Silicon Insider: Is Apple Poised to Topple the PC Big Boys?

ByABC News
September 28, 2006, 11:16 AM

Sept. 13, 2006 — -- In one of the strangest conjunctions of bad luck in the history of high tech, one of the world's largest industries -- personal computers -- suddenly seems up for grabs.

Let's go back a year.

At that time, PCs seemed the most stable of industries. It was filled with giants, all of them lumbering pleasantly along, squeezing profits that remained in an increasingly commodified marketplace.

On the Windows side, the big guns -- Dell, Hewlett-Packard, Sony et al -- were jostling around, competing against each other, picking up or losing a percentage of market share in desktops, and waiting for Microsoft to finally deliver Vista and make the game exciting again.

The whole "Wintel" world had grown stale and unimaginative.

Meanwhile, on the other side of the Great Divide, Apple continued its long turnaround under Steve Jobs, consistently earning good press for quality new models.

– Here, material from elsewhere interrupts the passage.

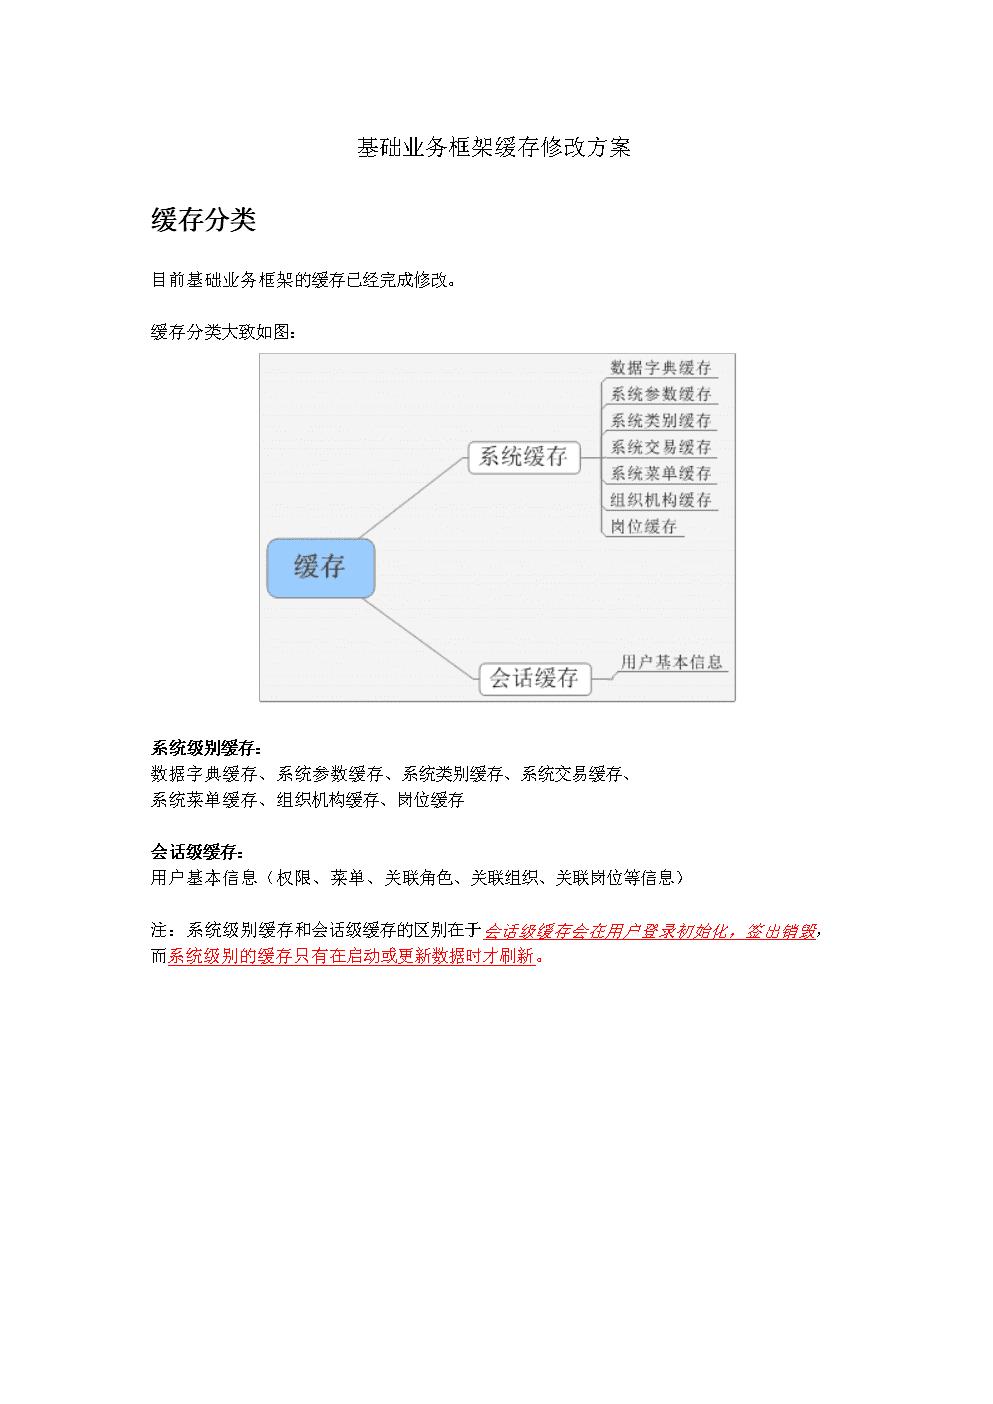 Bizframe缓存-缓存修改方案.docx

Indeed, Apple was generating the only real excitement in the entire industry: The penumbra of excitement surrounding the iPod was converting a growing number of bored Windows users to switch to the Mac.

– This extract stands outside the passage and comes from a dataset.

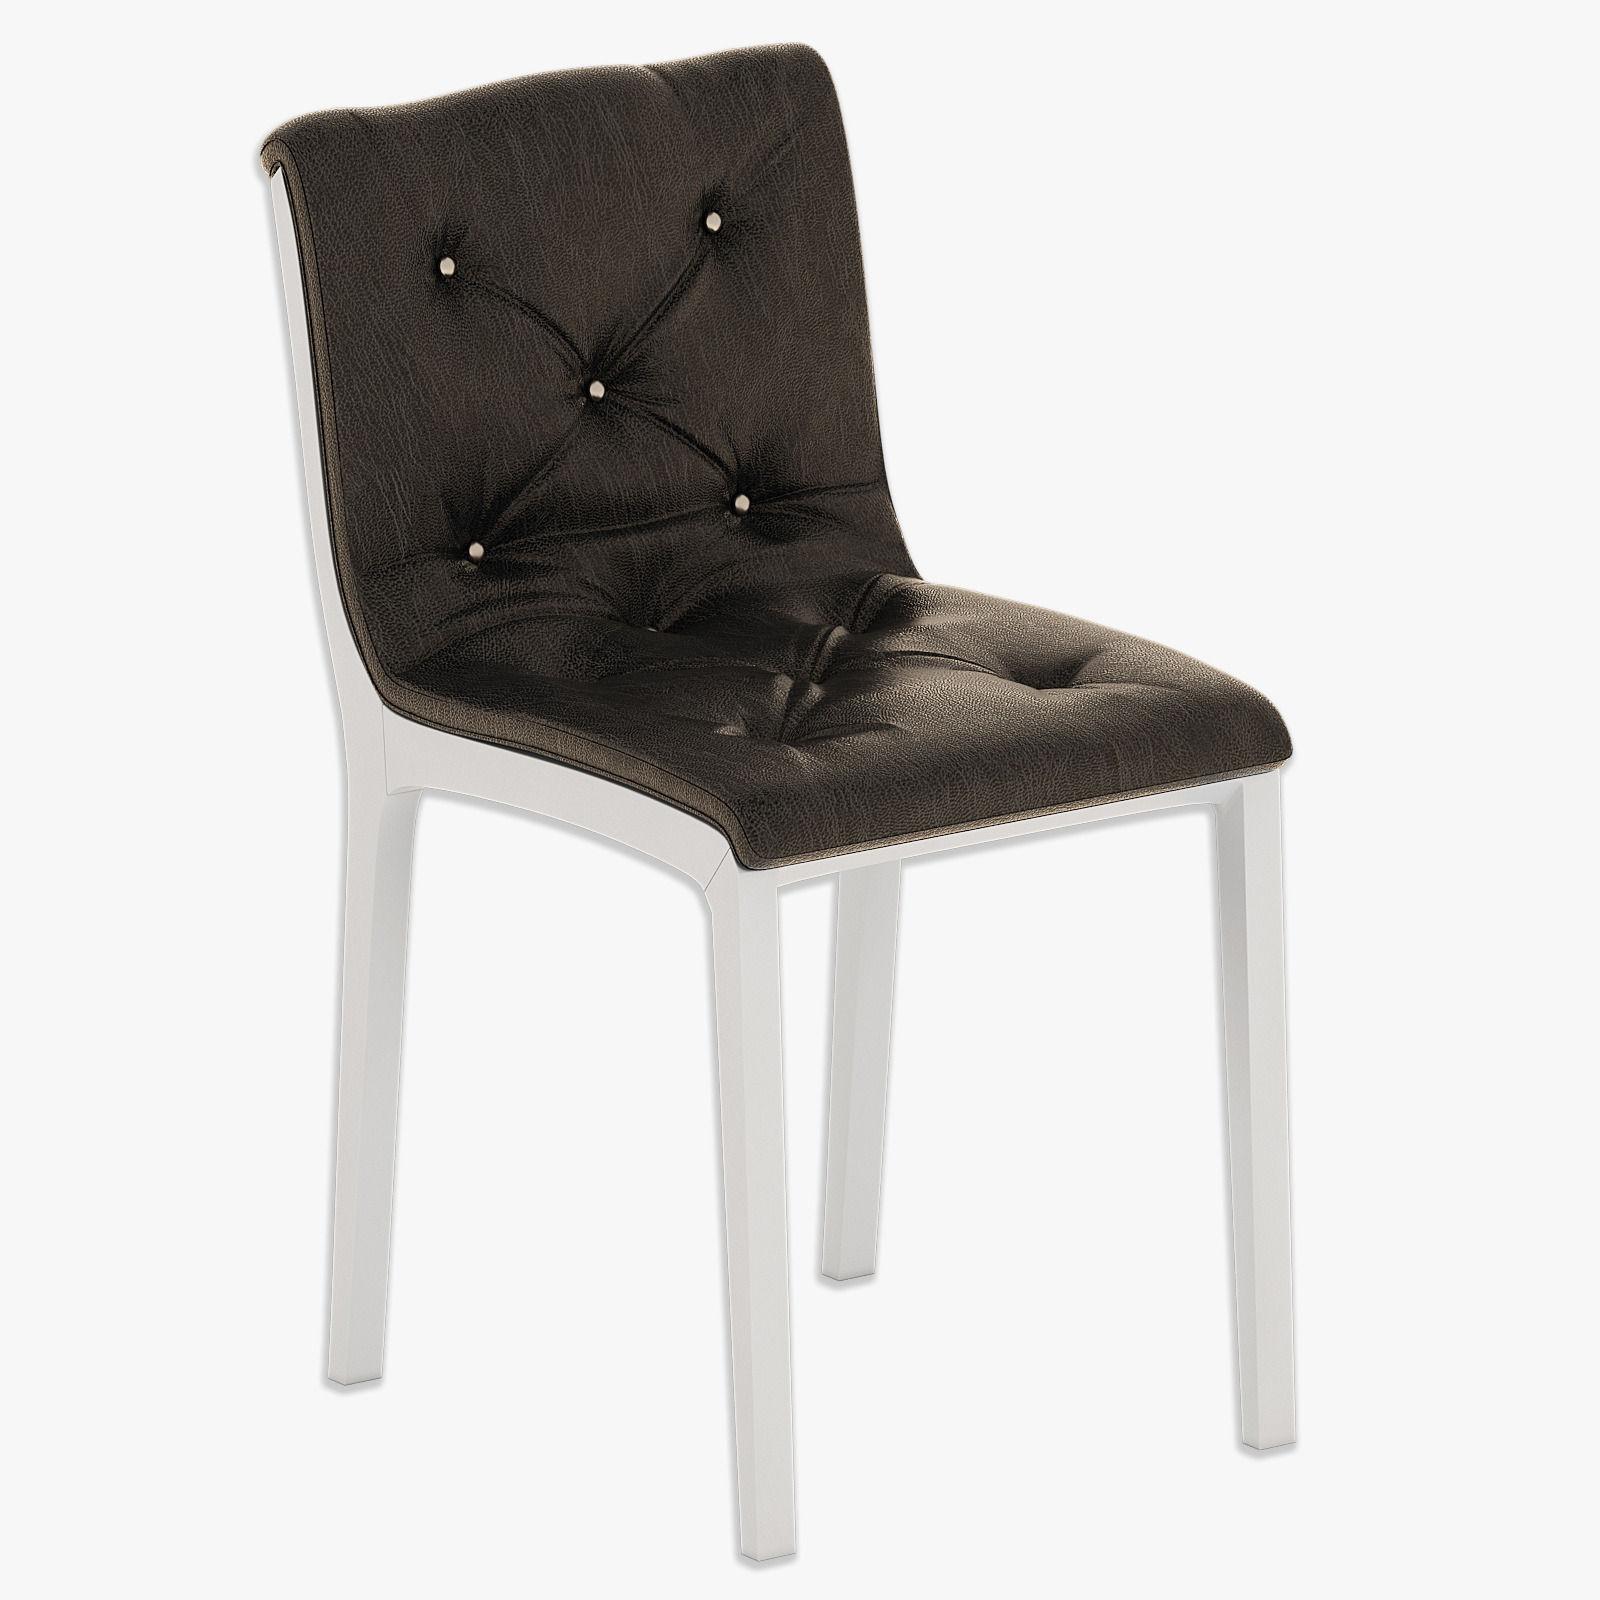 MIDJ Shine Chair

Still, these converts represented only a few percentage points in market share shift.

Looking back, everything suddenly changed with Apple's announcement that, 20 years late, it would finally begin offering Macintoshes with Intel microprocessors.

It was an important announcement, but certainly not as earthshaking as it would have been in 1986.

Yet the decision seemed to bring some kind of closure on the entire PC industry -- and in the process created some kind of strange attractor that has sewn chaos in the personal computing world ever since.

Don't ask me why -- I'm just reporting what has been unmistakable ever since.

The first thing that happened was Microsoft announced that it wouldn't hit its (second) target delivery date of Vista in October.

With that news, the last remaining faith the world had that Microsoft was still a dynamic and innovative company all but evaporated.

MS now suddenly looked old and confused. Meanwhile, the news was a gut shot to the Wintel world: The big PC makers had counted on the 2006 Christmas season to be a big revenue breakout.

Now they would have to stumble through with the same old product catalog. Scratch Microsoft.

Then, disaster struck. In one of the biggest product screw-ups in modern times, Sony, not only one of the world's biggest laptop computer makers but also a leading supplier of batteries to other laptop makers, shipped out millions of faulty batteries.

"Faulty," in this case, meaning: "Will burst into flames."

Thanks to the digital-camera boom, one of those exploding batteries got captured on tape burning up not a Sony Vaio, which would have been justice, but a Dell laptop.

The image was literally burned into the minds of a billion viewers around the world.